Энцо с братом соскользнули в этот уголок старинного Королевства Двух Сицилий безропотно и с любопытством. Они еще никогда не бывали с отцом и его сотрудниками в такой длинной командировке, где все трудности работы смягчала сама атмосфера, располагающая к отдыху.
Старший мастер Ланчелотти говорил, что здесь все стоит в два раза дешевле, чем в Модене, и гарантировал хорошее питание. Единственное, о чем он предупредил молодых участников поездки, были женщины, которые сразу показались Энцо загадочными гордячками. Общаться с ними следовало очень осторожно: одно только грубое или развязное слово – и тут как тут окажется недреманное око ревнивого мужа или братьев, всегда готовых с ножом броситься на защиту чести своих женщин.
Ни братья, ни Фредо не могли знать, что первое лето, проведенное вместе, со всеми его откровенными мужскими разговорами, застольями и осторожными купаниями под прикрытием высоких берегов, будет и последним.

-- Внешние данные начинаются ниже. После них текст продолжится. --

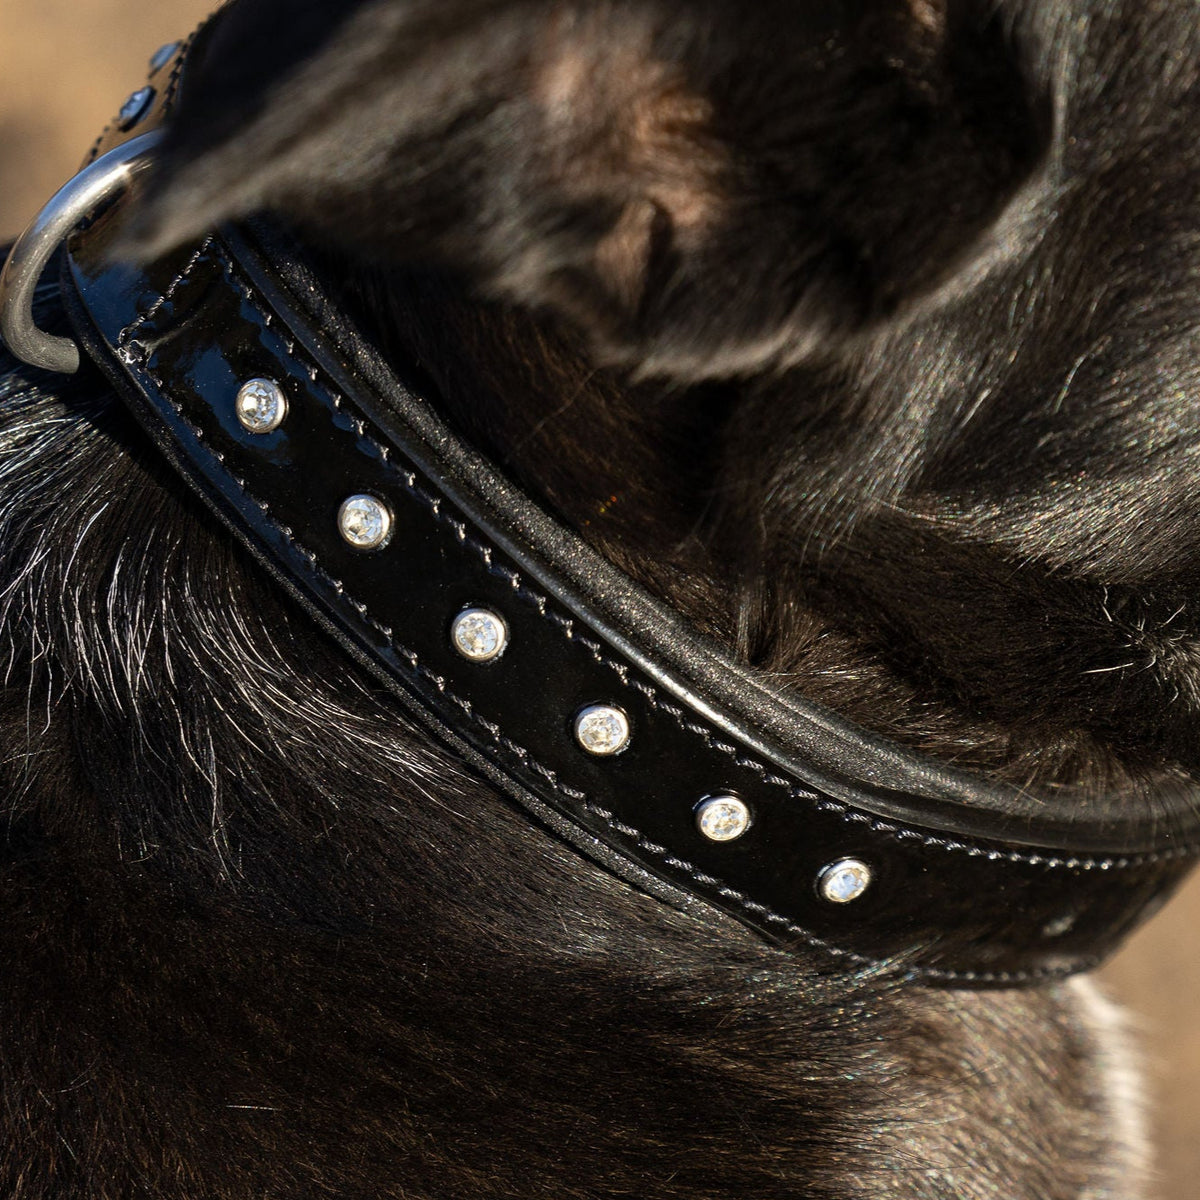 Halter Ego® Black Patent Celebrity Dog Collar

Закончив установку навесов на перроне станции Васто, Фредо объявил выходной. Энцо и Дино весь день разъезжали по долинам, где д’Аннунцио, прежде чем укрыться во Франции от своих кредиторов, написал «Le vergini delle rocce».
Они садились за руль по очереди, набирая высоту на крутых поворотах, и к полудню уже пересекли плоскогорье Чинквемилья.
На востоке еще угадывались плавные спуски долин к морю, а с противоположной стороны горизонт заслоняла непрерывная цепь заросших лесом гор. А дальше взгляд блуждал в бесконечности фантастического рисунка скал и в зеленых мазках лугов. Опаленные солнцем и ослабевшие, они, казалось, существовали исключительно по прихоти какого-нибудь местного божества.
Дорога притулилась сиротой среди ферм и хуторов, и далекие деревеньки были единственными очагами человеческой цивилизации. Эта земля без мостов и каналов казалась географическим воплощением самой безысходной бедности, и все-таки здесь, под лазурным небом, трепетала мирная жизнь, которую не интересовали никакие новшества.